Last month, for example, total oil imports fell a huge 28.2 percent below the level of February 1981. Total imports, says the API, have shrunk to the level of early 1972.

Some of this decline stems from the severe US recession. Industry uses less oil when American factories are running at little more than 71 percent of capacity, as they are now.

Major oil companies also are reducing swollen inventories of oil and have not yet begun to stock up for the fall and winter ahead.

OPEC members count on a resurgence of demand, when the US and other industrial economies revive and when oil companies start to build up their stocks.

''If restocking comes on [in July and August],'' says John H. Lichtblau, president of the Petroleum Industry Research Foundation, Inc., ''plus economic recovery, then demand for oil will grow.''

The goal of OPEC is two-fold -- to preserve the organization's present pricing structure, based on $34 a barrel for Saudi Arabian light crude, and above all to preserve the unity of the cartel.

These factors, it is believed, impelled Saudi Arabia -- OPEC's biggest producer -- to agree to lower its output another 500,000 barrels a day, to 7 million bbl/d. Not too long ago Saudi production was estimated as high as 10.3 million bbl/d.

OPEC has decided to ''follow the market down,'' as Marshall Thomas of Petroleum Intelligence Weekly put it -- reduce production enough to keep prices from falling through the floor, an occurrence which would cause member nations to scramble for a share of sales.

To prevent such unraveling, the cartel has set up a committee to monitor the production and pricing policies of members. Of prime concern will be those OPEC nations that are cash-short and that might be tempted to break ranks and lower prices in order to earn more money.

Nigeria, for example, has a huge population (more than 80 million, compared to 8 million for Saudi Arabia and less than 3 million for Libya), and Iran needs cash to finance its war with Iraq.

If the Iraqi-Iranian war ends, both these OPEC members would want to expand production greatly. Such expansion -- unless other OPEC powers reduced output equivalently -- could swell the world's oil surplus and wreck OPEC's strategy.
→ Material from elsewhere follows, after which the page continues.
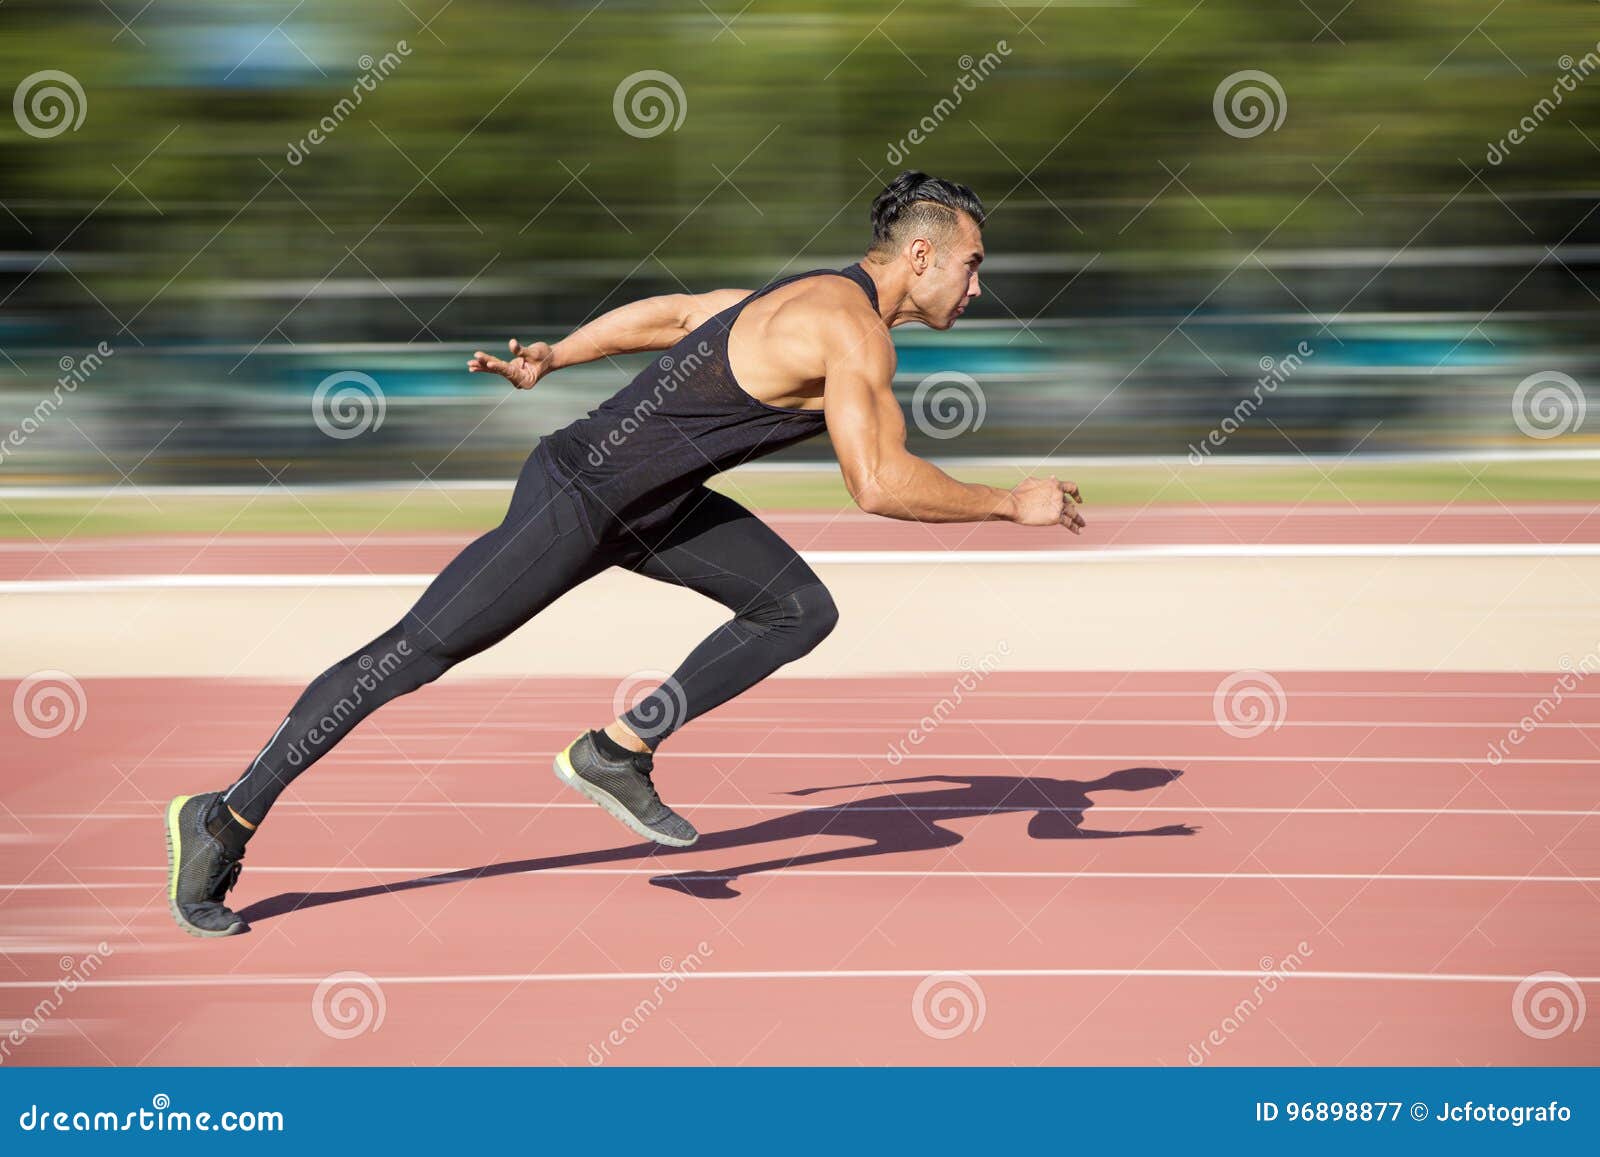 Man running stock image. Image of beginning, athletics - 96898877

Assuming that cartel discipline holds firm despite cash problems for some members, there remains the problem of non-OPEC oil producers.

Some of these, notably Britain's North Sea fields and Mexico, have been expanding production and at the same time trimming prices. To some extent this offsets OPEC's effort to dry up the current oil glut, estimated to be at least 2 million barrels a day above world demand. By now, however, non-OPEC sources have expanded output about as much as they can.

Some OPEC members -- Saudi Arabia, Kuwait, the UAE, Libya, Iraq, and Qatar -- have ample reserves of foreign exchange to cushion them through uncertain months ahead. Indonesia also has a good supply of money.

A country like Libya, for example, which is spending more than it takes in, can dip into reserves to balance its books. For nations like Nigeria, borrowing has to be the answer, unless they break OPEC's compact and try to flood the market with cheap oil.